Configuring device-mapper-multipath for an EMC DGC storage configured in ALUA mode with RHEL 5
Environment
- Red Hat Enterprise Linux (RHEL) 5 Update 4 or later
- EMC CLARiiON storage configured in active-active ALUA mode
- device-mapper-multipath
Issue
- How to configure multipath for EMC CLARiiON and VNX for ALUA
- Multipath issues on EMC CLARiiON or VNX storage
- An EMC DGC storage device has been configured to use ALUA mode, and device-mapper-multipath on the host must be configured to use explicit ALUA mode
- My EMC DGC storage SAN paths are configured in active-active ALUA mode, what configuration do I need to apply to device-mapper-multipath?
- My EMC Clariion SAN paths are configured in active-active ALUA mode, what configuration do I need to apply to device-mapper-multipath?
- If I try to access paths (/dev/sdN) directly, the disks in the lower priority group will fail.
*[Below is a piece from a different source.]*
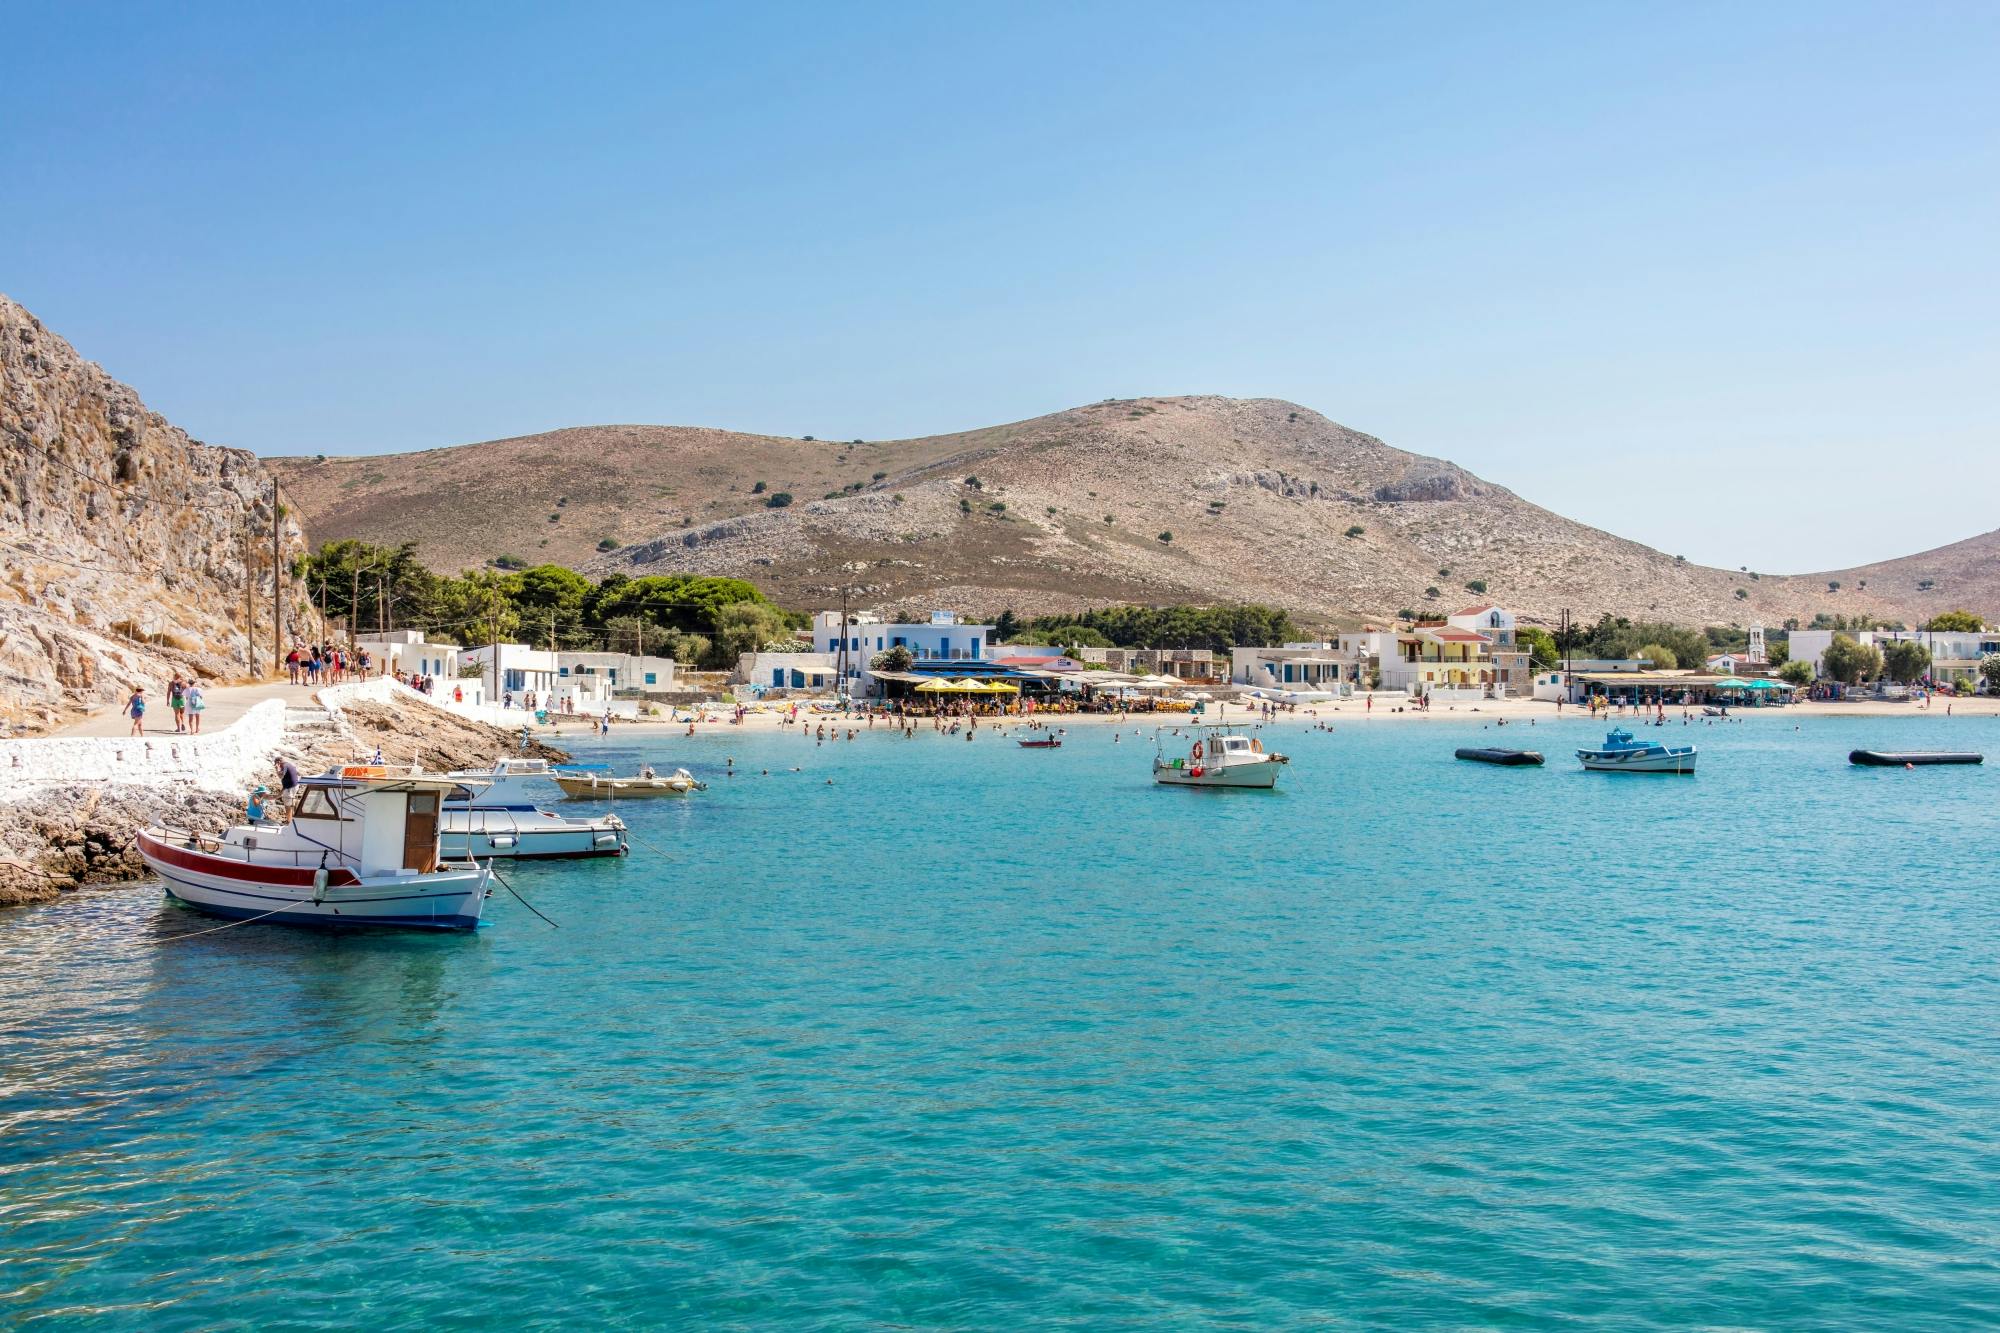 Crociera nel Mar Egeo con l'isola di Kalymnos

Multipath device access still works OK when disabling the paths in the high priority group.
- Multipath displaying "kernel: Buffer I/O error on device sdX, logical block 0" with EMC CLARiiON SAN
- My system mounts LUNs on an EMC Clariion SAN. I see entries in /var/log/messages stating
kernel: Buffer I/O error on device sdX, logical block 0
- Storage LUNs automatically disappear when loaded.
Resolution
Add and/or update the devices clause for DGC (CLARiiON) arrays within multipath.conf[1]. Please see the information within the latest available "EMC Host Connectivity Guide for Linux" from EMC. Failing to following EMC guidelines can result in the storage configuration being unsupported by EMC.
As an example, the following is the defined clause from "EMC Host Connectivity Guide for Linux", Rev A36 dated Jan 2014 pgs 250/251 under "ALUA RHEL 5/ RHEL6" section:
devices {
:
.
# Device attributed for EMC CLARiiON and VNX series ALUA
device {
vendor "DGC"
product ".*"
prio_callout "/sbin/mpath_prio_alua /dev/%n"
path_grouping_policy group_by_prio
features "1 queue_if_no_path"
failback immediate
hardware_handler "1 alua"
path_checker readsector0
}
:
.
}
NOTE:The above items in red are the sections that were changed between active/standby (pnr) and active/active (alua) CLARiiON configurations. Note that the path_checker is changed from emc_clariion to just accepting the default (that is, an explicit path-checker type is not specified). The ones expected by EMC are currently either readsector0 or tur. An explicit path_checker selection has been shown above to eliminate ambiguity.You should update your initrd image in order to ensure changes are picked up. See Why are changes I made to /etc/multipath.conf not taking effect on boot on my boot-from-multipath RHEL system? for specific steps. After changing multipath.conf, reboot or restart the multipath services for the changes to take effect.
# service multipathd reload
\--\--\----------------------------------------------------------------------------------------------------------- Footnotes: [1] To clarify the instructions, there are two starting states for DGC/CLARiiON storage and multipath:
- a customized clause is present within /etc/multipath.conf, or
- no customized clause is present within /etc/mulitpath.conf and the built-in default clause is being used.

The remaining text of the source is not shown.